Впервые на русском — новейший роман классика американского постмодернизма, автора, стоявшего, наряду с К. Воннегутом, Дж. Хеллером и Т. Пинчоном, у истоков традиции «черного юмора». «Всяко третье размышленье» (заглавие книги отсылает к словам кудесника Просперо в финале шекспировской «Бури») начинается с торнадо, разорившего благополучный мэрилендский поселок Бухта Цапель в 77-ю годовщину Биржевого краха 1929 года. И, словно повинуясь зову стихии, писатель Джордж Ньюитт и поэтесса Аманда Тодд, профессора литературы, отправляются в путешествие из американского Стратфорда в Стратфорд английский, что на Эйвоне, где на ступеньках дома-музея Шекспира с Джорджем случается не столь масштабная, но все же катастрофа — в его 77-й день рождения.
Джон Барт (род. 1930 г.) — современный американский прозаик, лидер направления, получившего в критике название школы «черного юмора», один из самых известных представителей постмодернизма на Западе. Книги Барта отличаются необычным построением сюжета, стилистической виртуозностью, философской глубиной, иронией и пронзительной откровенностью.
В книге рассказывается история главного героя, который сталкивается с различными проблемами и препятствиями на протяжении всего своего путешествия. По пути он встречает множество второстепенных персонажей, которые играют важные роли в истории. Благодаря опыту главного героя книга исследует такие темы, как любовь, потеря, надежда и стойкость. По мере того, как главный герой преодолевает свои трудности, он усваивает ценные уроки жизни и растет как личность.

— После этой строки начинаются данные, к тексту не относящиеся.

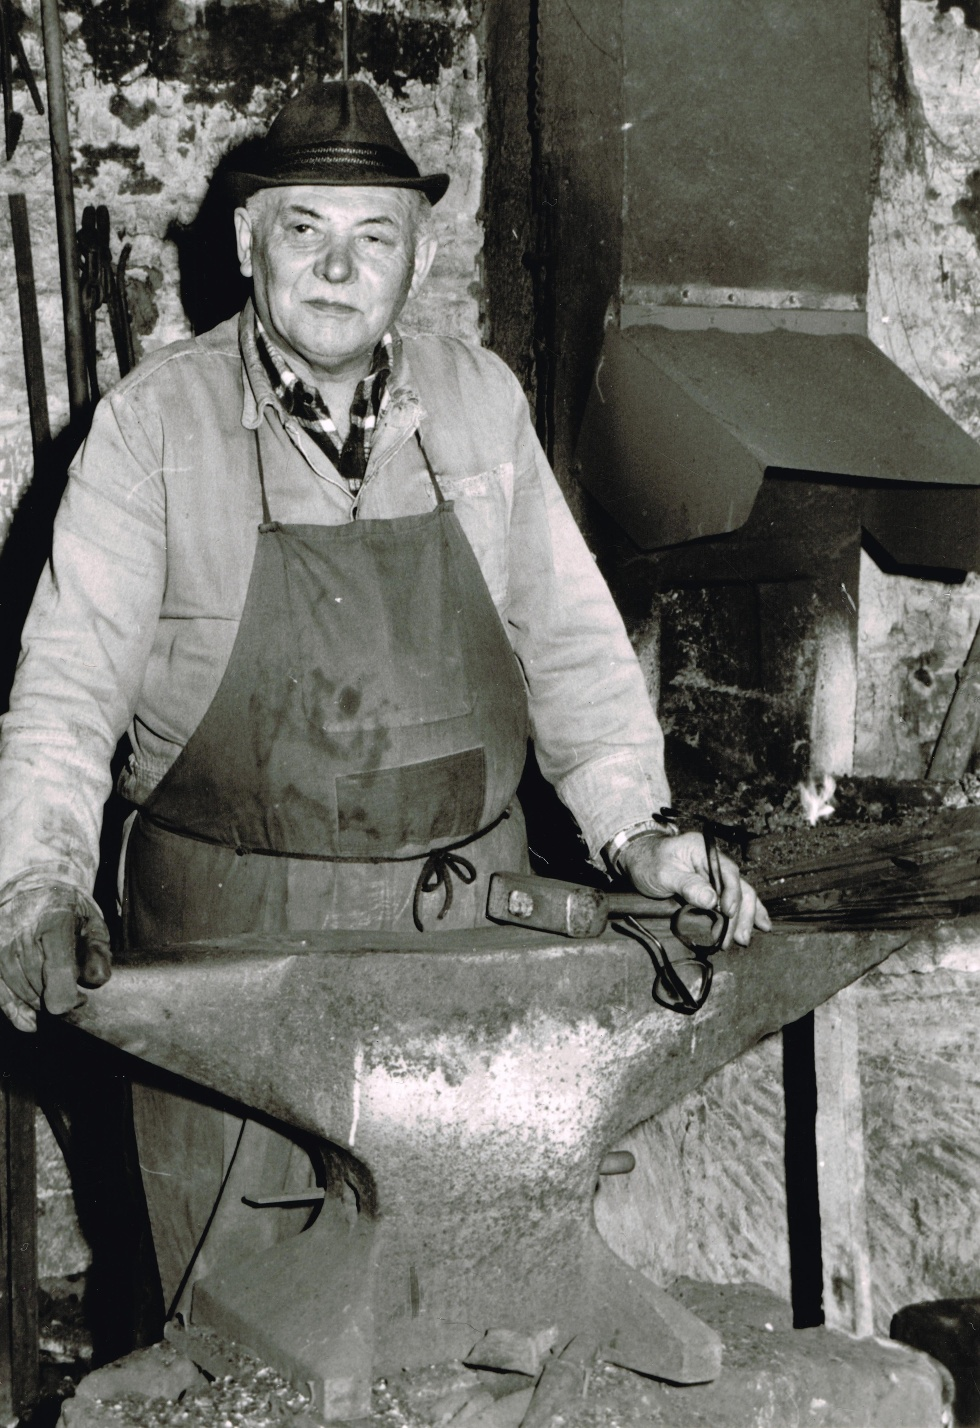 Reinhard Moser (1929 - 2015), Alte Schmiede Eppingen-Mühlbach

В книге рассказывается история главного героя, который сталкивается с различными проблемами и препятствиями на протяжении всего своего путешествия. По пути он встречает множество второстепенных персонажей, которые играют важные роли в истории. Благодаря опыту главного героя книга исследует такие темы, как любовь, потеря, надежда и стойкость. По мере того, как главный герой преодолевает свои трудности, он усваивает ценные уроки жизни и растет как личность.
В книге рассказывается история главного героя, который сталкивается с различными проблемами и препятствиями на протяжении всего своего путешествия. По пути он встречает множество второстепенных персонажей, которые играют важные роли в истории. Благодаря опыту главного героя книга исследует такие темы, как любовь, потеря, надежда и стойкость. По мере того, как главный герой преодолевает свои трудности, он усваивает ценные уроки жизни и растет как личность.